Seseorang seharusnya mengucapkan hanya ucapan yang menyenangkan, ucapan yang disambut dengan gembira. Ketika diucapkan tidak membawa keburukan, apa yang diucapkan adalah menyenangkan bagi orang lain”. (Saṁyutta Nikāya, 2010 : 287)

Ada 4 faktor untuk dapat disebut berdusta, yaitu:

  1. Ada sesuatu yang tidak benar.
  2. Mempunyai pikiran untuk berdusta.
  3. Berusaha berdusta.
  4. Pihak lain mempercayainya.

Penerapan sila ke-4 dalam kehidupan sehari-hari ialah dengan menghindari perkataan dusta dan berusaha untuk berbicara dengan benar dan gembira. Suatu perkataan sebaiknya mengandung makna dan bermanfaat, sehingga orang yang mendengar merasa senang dengan ucapan kita. Berbicara benar dalam hidup bermasyarakat akan menciptakan suasana yang tenang, karena tidak ada kebohongan di antara semuanya.

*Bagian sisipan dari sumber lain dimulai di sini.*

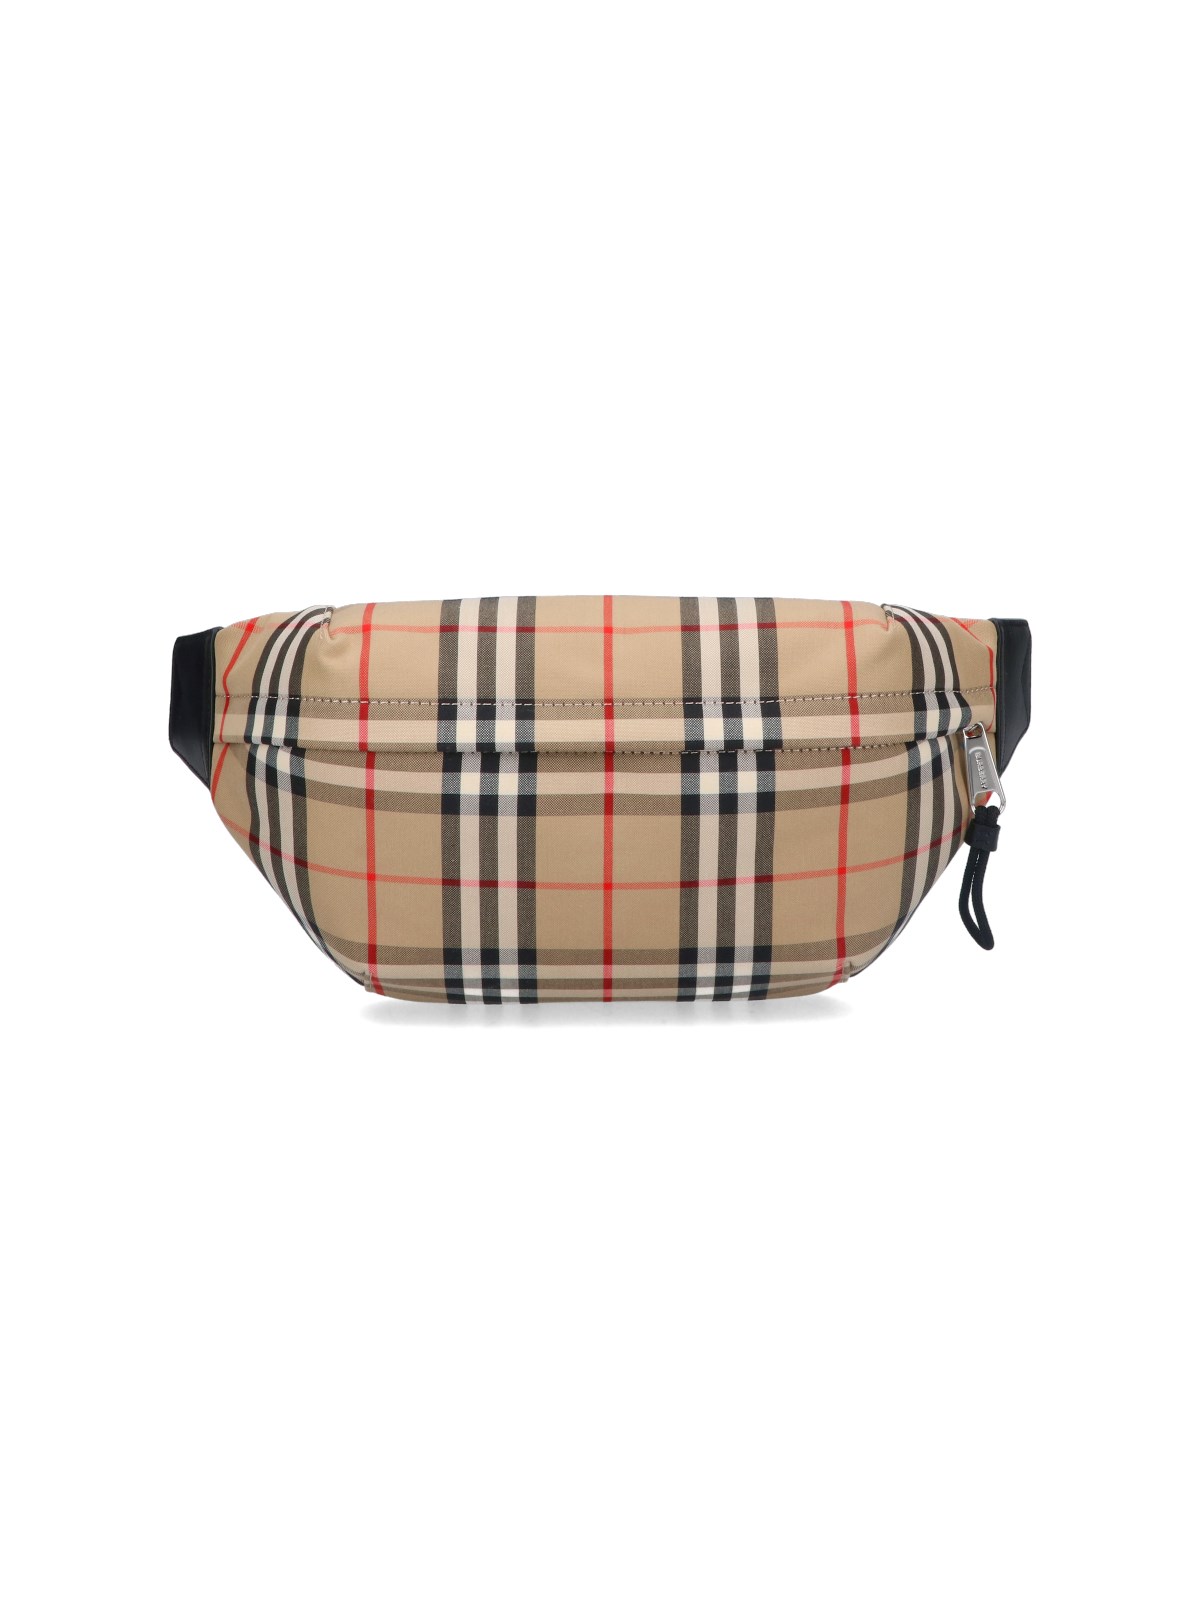 Burberry - "vintage Check" Fannypack In Beige

Akibat dari melanggar sila ke-4 adalah sebagai berikut:

  • Bicaranya tidak jelas.
  • Giginya jelek dan tidak rata/rapi.
  • Mulutnya berbau busuk.
  • Perawakannya tidak normal, terlalu gemuk atau kurus, terlalu tinggi atau pendek.
  • Sorot matanya tidak wajar.
  • Perkataannya tidak dipercaya oleh orang-orang terdekat atau bawahannya.

 

5. Surāmeraya Majjapamādaṭṭhānā Veramaṇi Sikkhāpadaṁ Samādiyāmi

Aku bertekad akan melatih diri menghindari minuman keras yang dapat melemahkan kesadaran. Seseorang yang melanggar sila kelima ini dan akhirnya kehilangan kesadaran bisa mengakibatkan hilangnya kendali atas pikiran, ucapan, dan perbuatan, sehingga tanpa sadar melakukan hal yang dapat mendatangkan karma buruk.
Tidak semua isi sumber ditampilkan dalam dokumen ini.